Some days, the big bugs scare them off. Enter the Mini Leech — the fly that gets it done when browns are sulking and rainbows are opportunistic.
Why it works:
It looks like an easy meal — small enough not to spook, big enough to make it worth biting. The micro movement of marabou in cold water is deadly.
Best water:
Dream Stream, Cheesman Canyon, and any tailwater with spooky trout that have seen every streamer in the catalog.
How to fish it:
Dead drift under an indicator or slow strip it along the bottom. Olive or black is the move — simple, clean, and deadly effective.
A flash of gold in the current, a strip, a pause — and suddenly, chaos. The Goldie is the loudmouth cousin of the Thin Mint, and sometimes, it’s exactly what a trout needs to lose composure.
Why it works:
It looks like a baby rainbow, moves like one too, and the flash is irresistible in off-colored or low-light conditions.
Best water:
The Gunnison, the Yampa, and lower stretches of the Arkansas.
How to fish it:
Fish it with confidence — quarter-downstream, strip once or twice, and let it hang. Big trout hit it out of jealousy more than hunger.
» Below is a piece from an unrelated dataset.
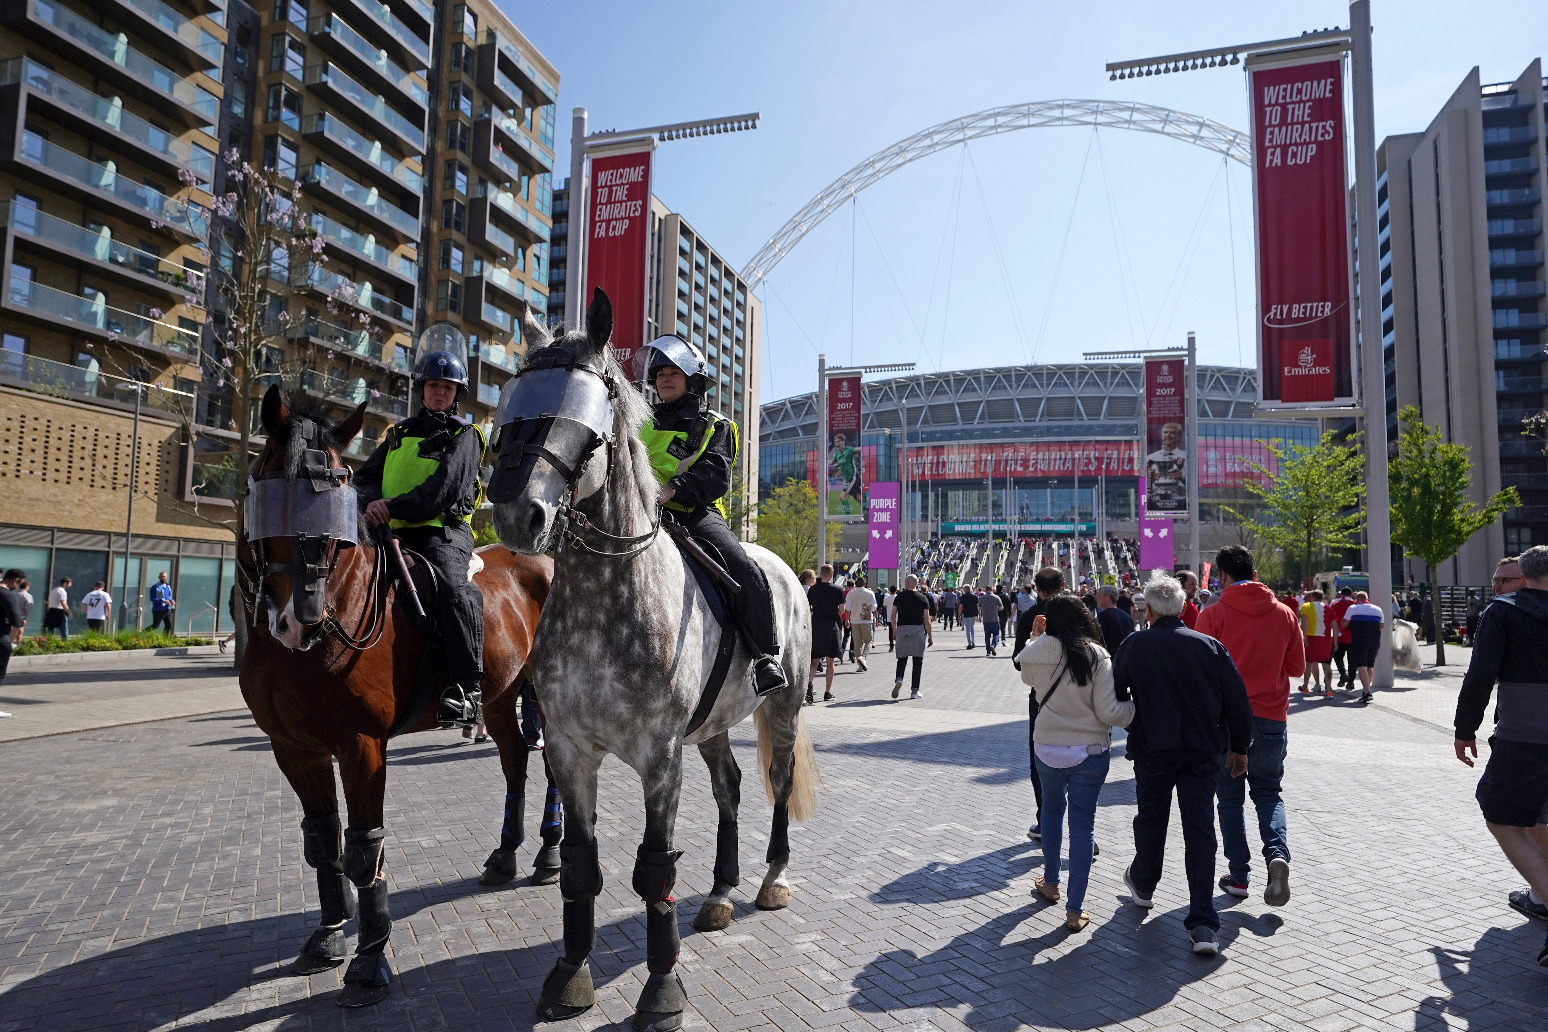 Fans at Wembley urged to be vigilant amid Brussels attacks 
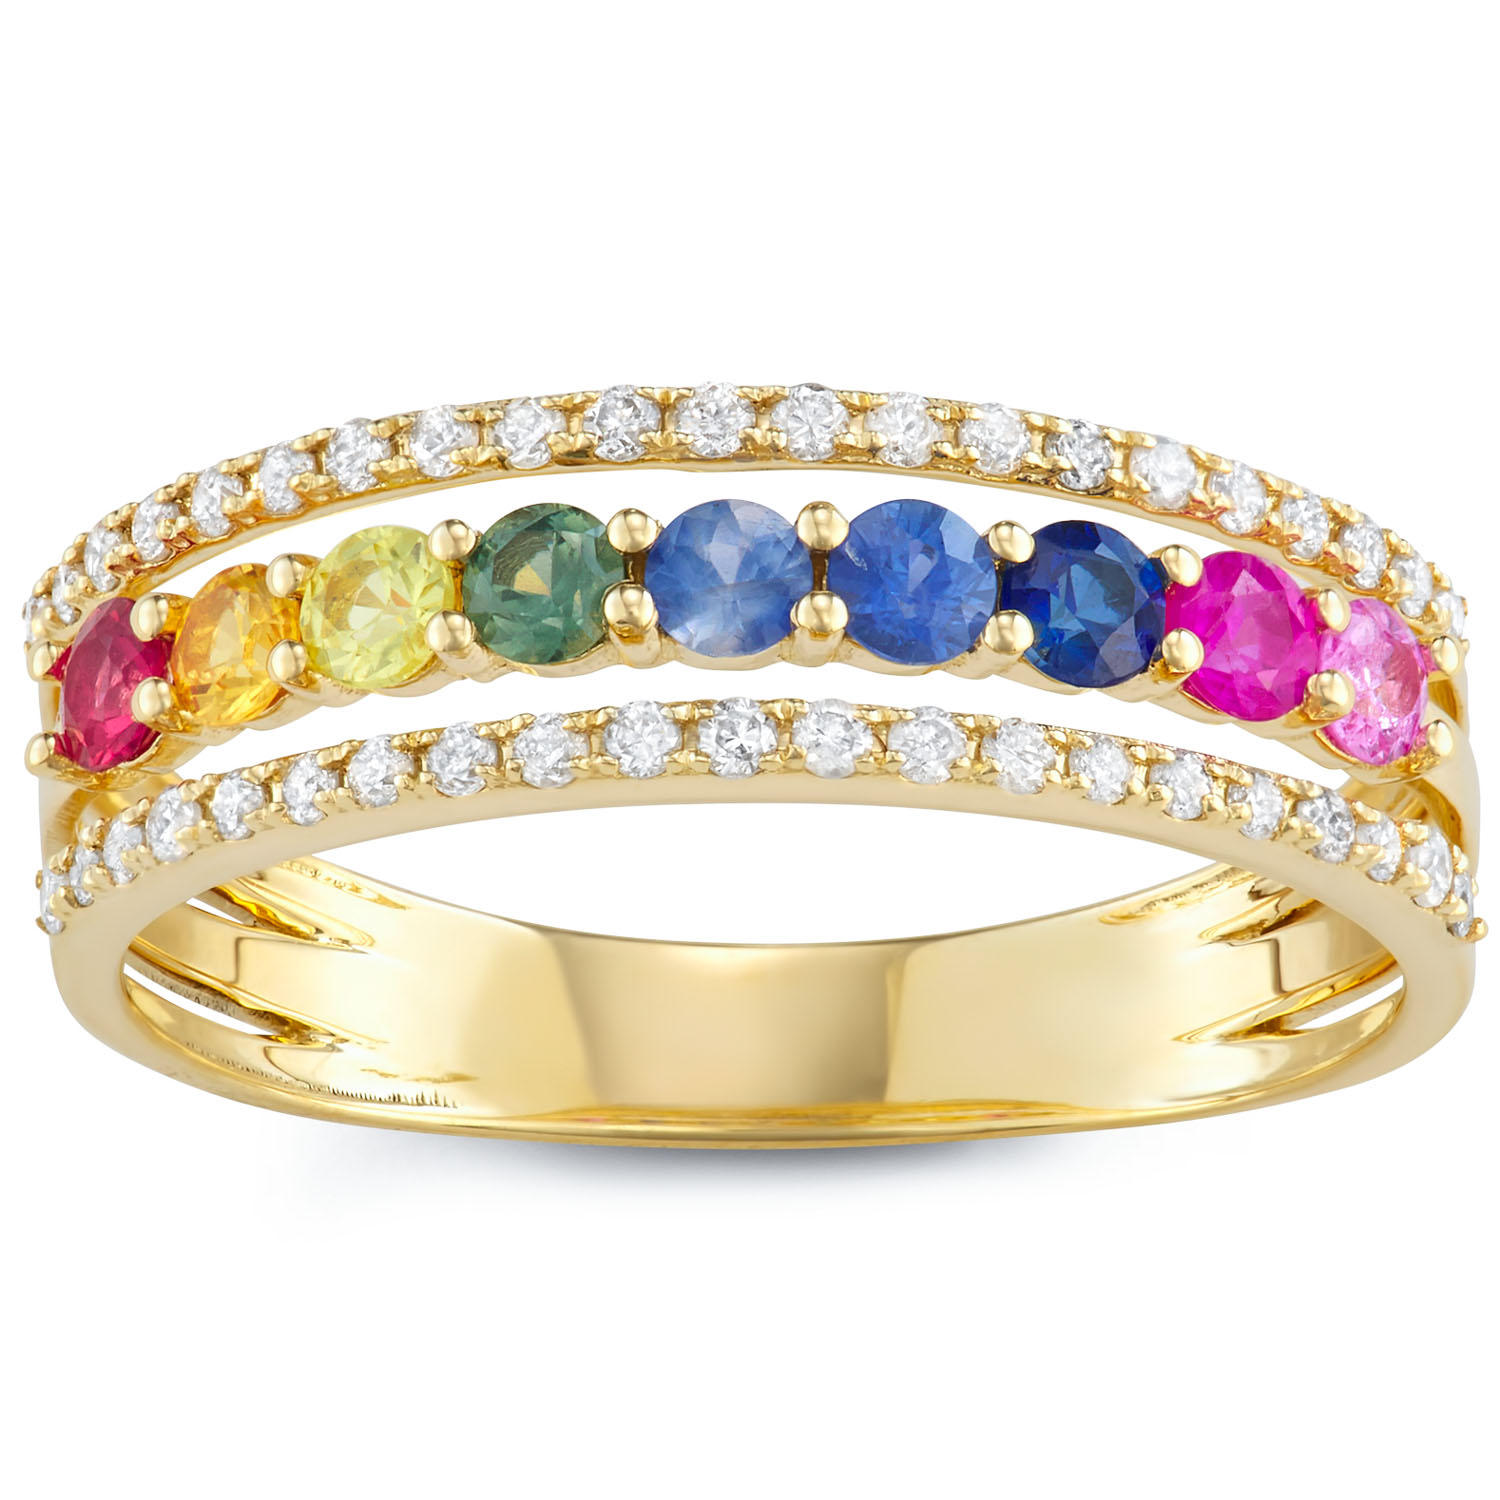 Rainbow Sapphire and Diamond Ring in 14K Yellow Gold 6

Every Colorado angler has a Sculpzilla in their box, even if they pretend they don’t fish “junk flies.” It’s the heavyweight champ for deep water and fast runs — the perfect choice when everything else feels too polite.
Why it works:
It’s heavy, it dives, and it looks like a real meal. Trout that won’t rise for a midge will still body-check this thing.
Best water:
Frying Pan below Ruedi, the Colorado near Glenwood, or the lower Blue River.
How to fish it:
Swing or strip it deep through pools and tailouts. A sink-tip helps, but confidence and persistence help more.